The Dozo are traditional hunting fraternities that have formed self-defence militias that the Fulani say are being armed by the Mali army and used to carry out attacks on them. During one raid in June 2018, Dozo men surrounded a village in the Mopti region, separated those from the Fulani ethnic group from other villagers and killed 32 people, targeting them because of their perceived support for jihadists.

Islamist militants first established themselves in the rural areas of the central region more than 10 years ago, and began launching sporadic attacks on police stations, elected officials and religious leaders who spoke out against them from 2012. They grew in daring and violence, causing heavy losses among the Malian security forces. Civilians who lived in their area of control suddenly found themselves subject to unofficial new laws, imposed by the jihadists.

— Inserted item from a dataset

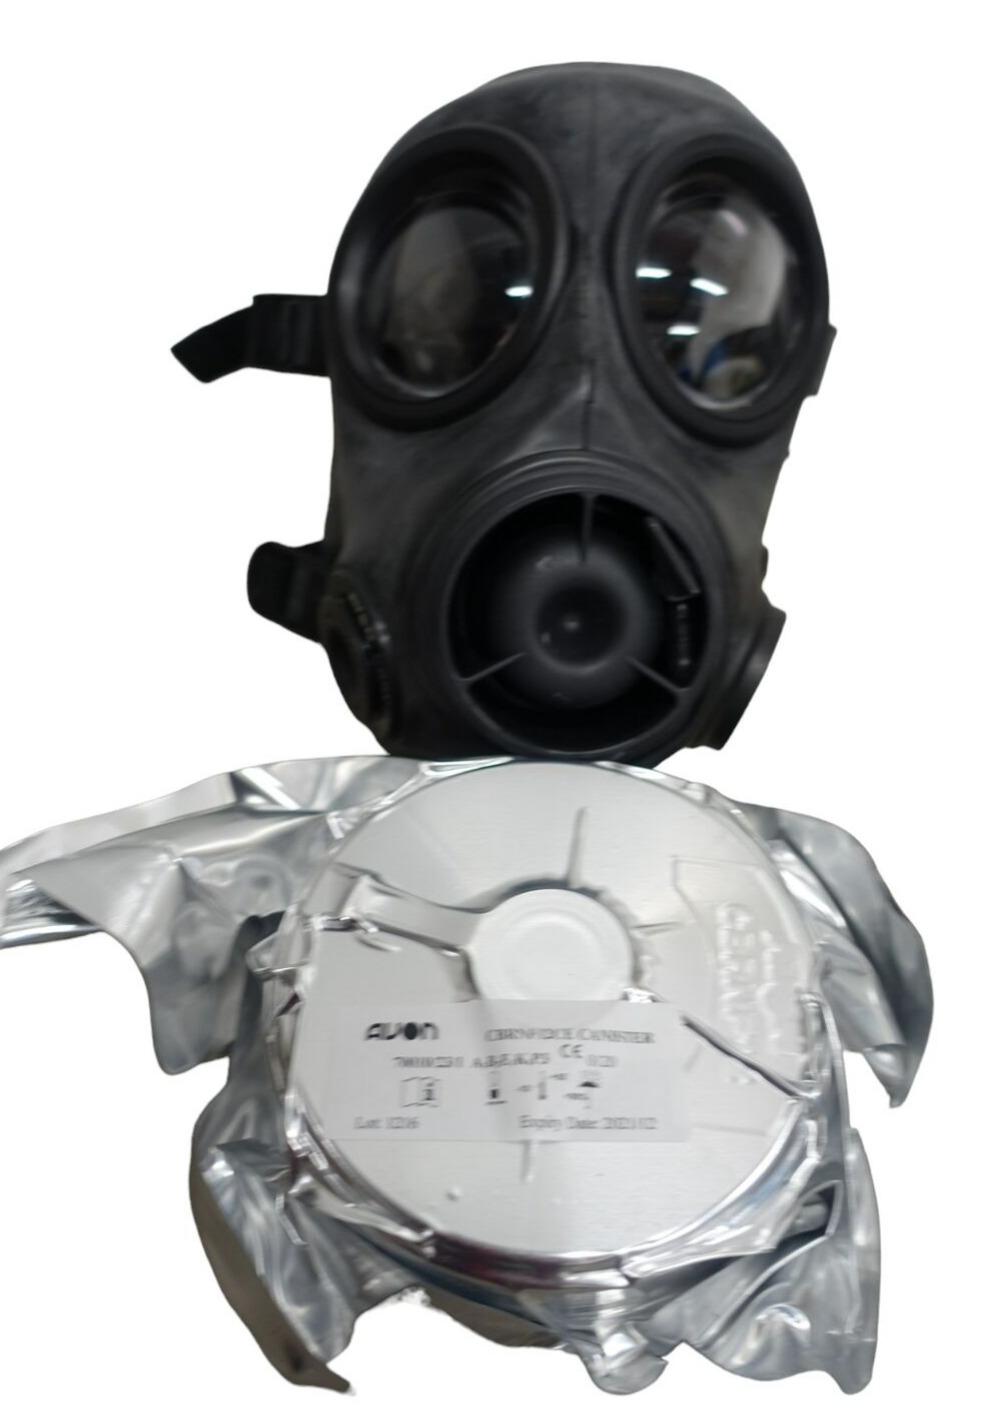 Avon FM12 Respirator Mask Sizes 1, 2, 3 Mask and Avon F12CE Filter (2021)

Areas of conflict in Mali’s jihadist insurgency

Areas of conflict in Mali’s jihadist insurgency

Amadou Koufa, a radical Fulani preacher, was the founder and leader of the Macina Liberation Front, which merged with other militant Islamist groups to form Jama’a Nusrat ul-Islam wa al-Muslimin (JNIM). This pledged allegiance to al-Qaida and became a leader of the jihadist group’s local “franchise”, the Organisation of al-Qaida in the Islamic Maghreb (the Isis equivalent is the Islamic State in the Greater Sahara, or ISGS). Koufa is behind dozens of attacks on Malian armed forces, taking part in the assault on the city of Konna in 2013, when the Islamist militants’ push south in Mali drew the French into the insurgency.

Koufa, who is on the UN’s sanctions list for his links to al-Qaida, recruits among young herders by exploiting feelings of exclusion and the lack of economic opportunities in the region. Villagers watched their young men become transformed into fighters under his influence.

“I’ve seen friends who left the village and came back with some money, sometimes a motorbike,” says a man in his 30s, who asked not to be named. Originally from the Mondoro area of the Mopti region, in central Mali, near the border with Burkina Faso, he now lives in a shelter on a landfill site in the capital, Bamako, where Fulani herdsmen and their families set up a slum camp after fleeing the violence.

At the time, I was living with my mother and younger brother. We had no cattle of our own, we were working as herders for others. I thought joining the jihadis was an opportunity for a new start,” he says.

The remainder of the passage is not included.